His presence, him in himself, even if I can’t see him, I feel it. I know he is there, and I don’t need my eyes to make his presence almost palpable. Our connection has always been like that: so real, honest, natural, and straightforward. I guess that’s why the betrayal with Arianna affected me so much.
“Can you see this?” He opens my eyelids again and searches for something I can’t decipher.
The truth is that I see nothing, nothing more than a flow of flashes, of light—shadows in movement. Everything else is complete darkness.
I remember the exact moment when David, with the surgical mask on his face, covering his nose and mouth, looked at me and told me that they were going to proceed to place a transparent plastic mask on me in order to sedate my body before the intervention on my nerve atrophied by the fall from the second floor of the castle.
Even Arianna, after death, continues, in a twisted and cruel way, to manage my existence. She threw herself; she threw herself without caring that her son had just been born, just arrived in this world to be loved. After four hours of labor, the doctor who received Dante at the castle determined that it was all depression that had not been detected in time. She committed suicide. And I tried to reach her clumsily, but I failed. She fell from the second floor, and the back of her head landed on one of the rocks that adorned the garden I had sent her to plant. I followed her trajectory, but as I was aware of the fall, perhaps because my intention was not to die and leave my son helpless, or maybe because it was not my time to perish, I did not die like her. I hit the sprinklers hard and full. Nevertheless, I survived. As the days passed, I began to experience constant headaches and memory loss.
“I can’t see anything, David, just shadows. What does this mean? Am I going to stay like this?” I ask, on the verge of losing my mind.
How long ago was the surgery?
My last thought, at least the one I remember, was Dante. His first smile, his dark hair, his blue eyes, and his bright gaze. He would look at me lovingly when I approached him as if I was the best person in the world—his innocence and unconditional love without asking for anything in return.
“You just regained consciousness. I’m going to monitor you for the first twenty-four hours. After that, we’ll see how you evolve...”
“Tell me what the hell is going on. Is this part of the process? Of recovery? Or have I lost my sight for good? You better be honest with me. Don’t be redundant. I don’t need your concern.”
“Darío, I think you need to calm down.” My brother stands next to me and squeezes my right shoulder gently.
“It’s not you who doesn’t see anything! I have a son! How am I supposed to watch him grow up? How am I supposed to hold him before he falls to the ground when he trips over his feet?

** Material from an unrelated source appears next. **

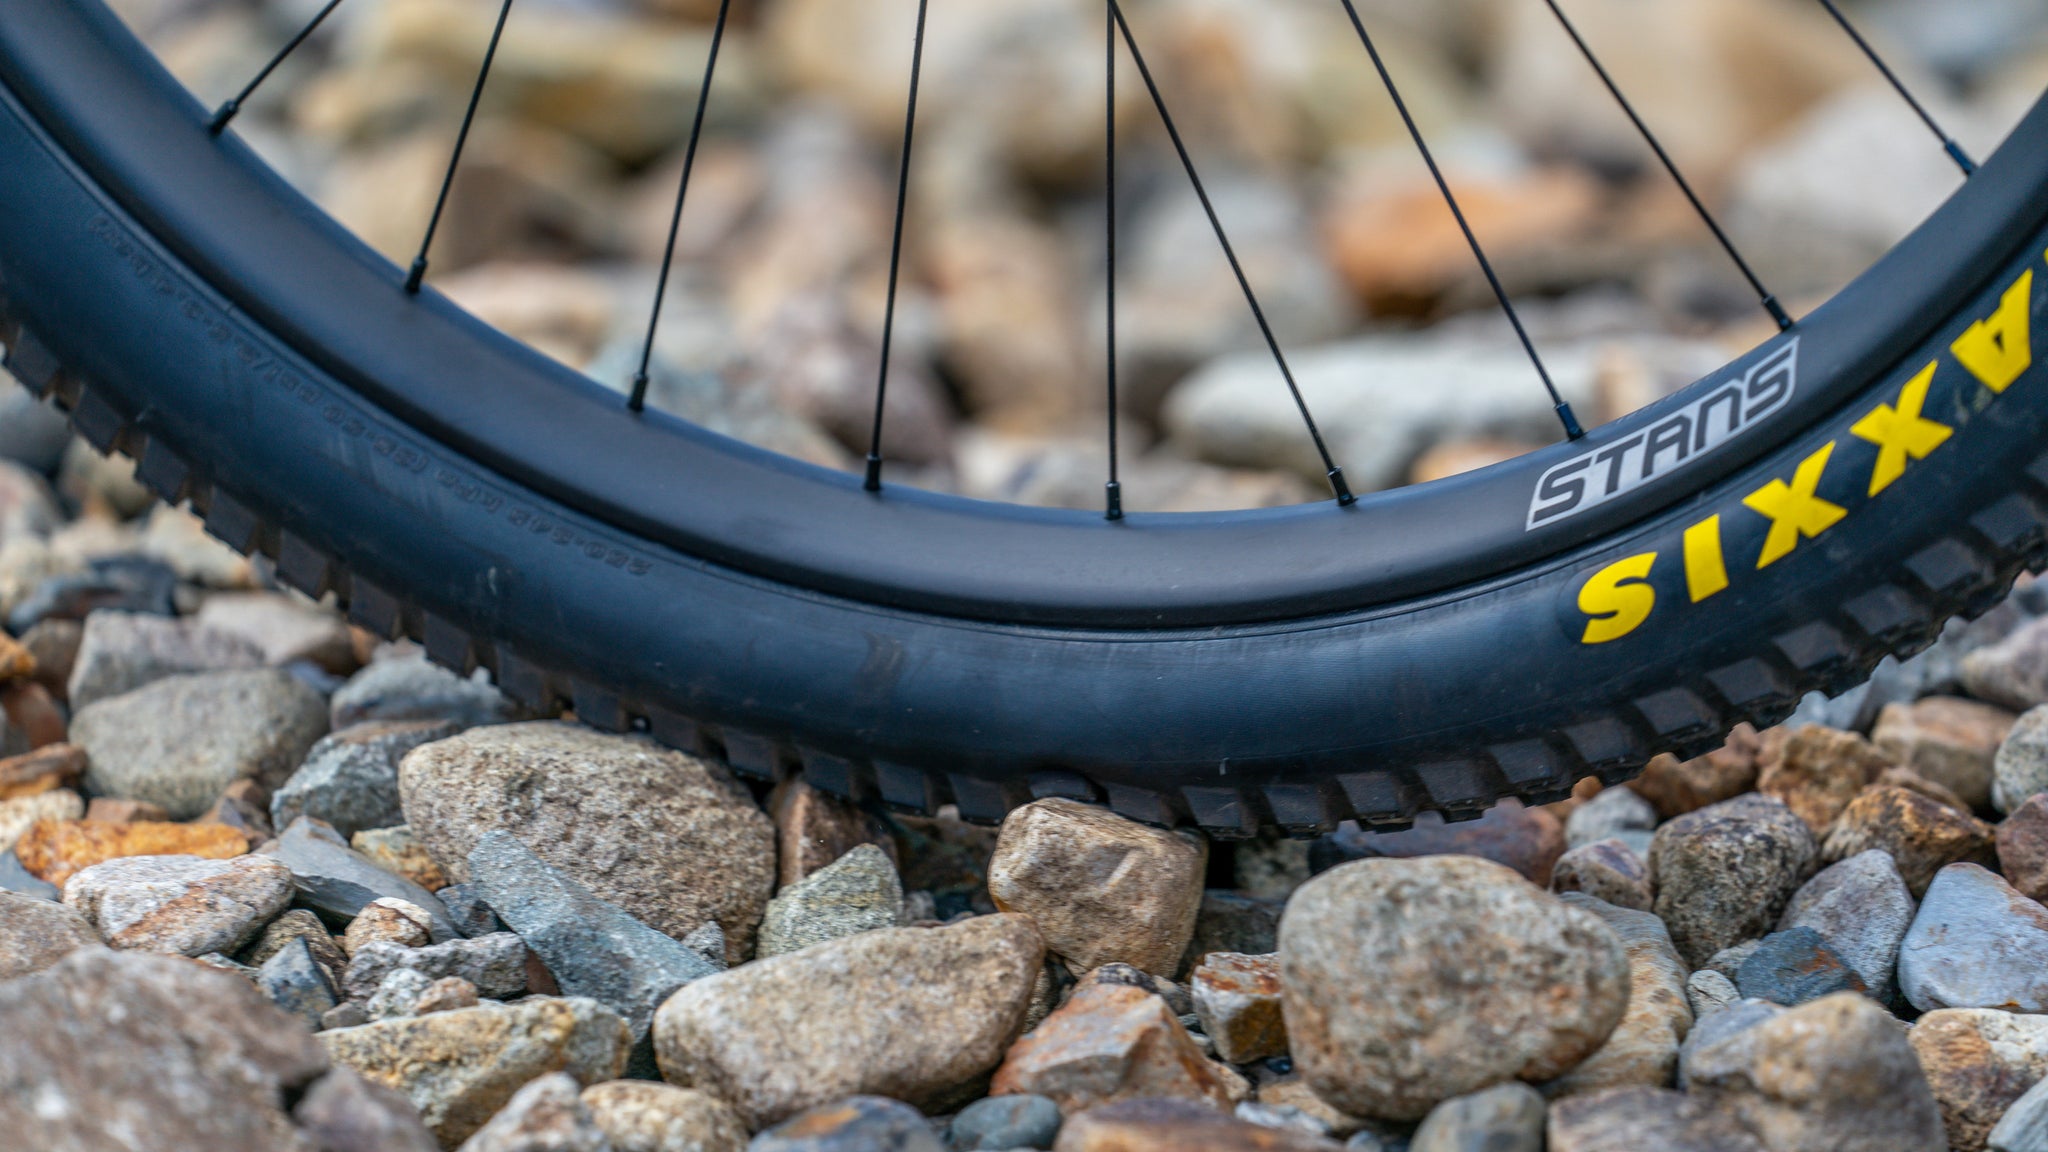 Tubeless tire and wheel

How am I supposed to be in every moment of his life?”
“Darío, this was part of the risks I told you about before scheduling an appointment for surgery. I warned you that something like this could happen. The good thing is that, for the moment, it seems that the atrophied nerve is repaired...”
“So what? Am I supposed to feel good about that? That’s supposed to reassure me? That’s supposed to give me comfort? That’s bullshit! Bullshit! Fucking bullshit!” I yell, venting.
This is beyond me.
My hands are shaking. I’m sure that, had I been able to see David, my fist would have already been stamped on his face.
“David, I think you’d better back off. Leave us alone for a while. I know my brother needs his rest.”
“I’ll be back in an hour,” the aforementioned replies before I hear the sound of the door closing.
I’m screwed.
I have gone blind.
After so much, after everything I’ve done to be constant and present in Dante’s life, I’ve failed.
The image of Tatiana pops into my head, her brown eyes bright, her mouth dangerous and so tempting. I just got married, and I already represent a burden to my wife.
“Don’t torture yourself for no reason, Darío. I know that face. I’ve known it since we were boys and had tests. Everything will be fine. Don’t despair, and don’t be anxious.”
“How can I not get anxious if I’m a damn blind man?!”
No way.
Instead of helping my son, my wife, my family... I screwed up, and big time.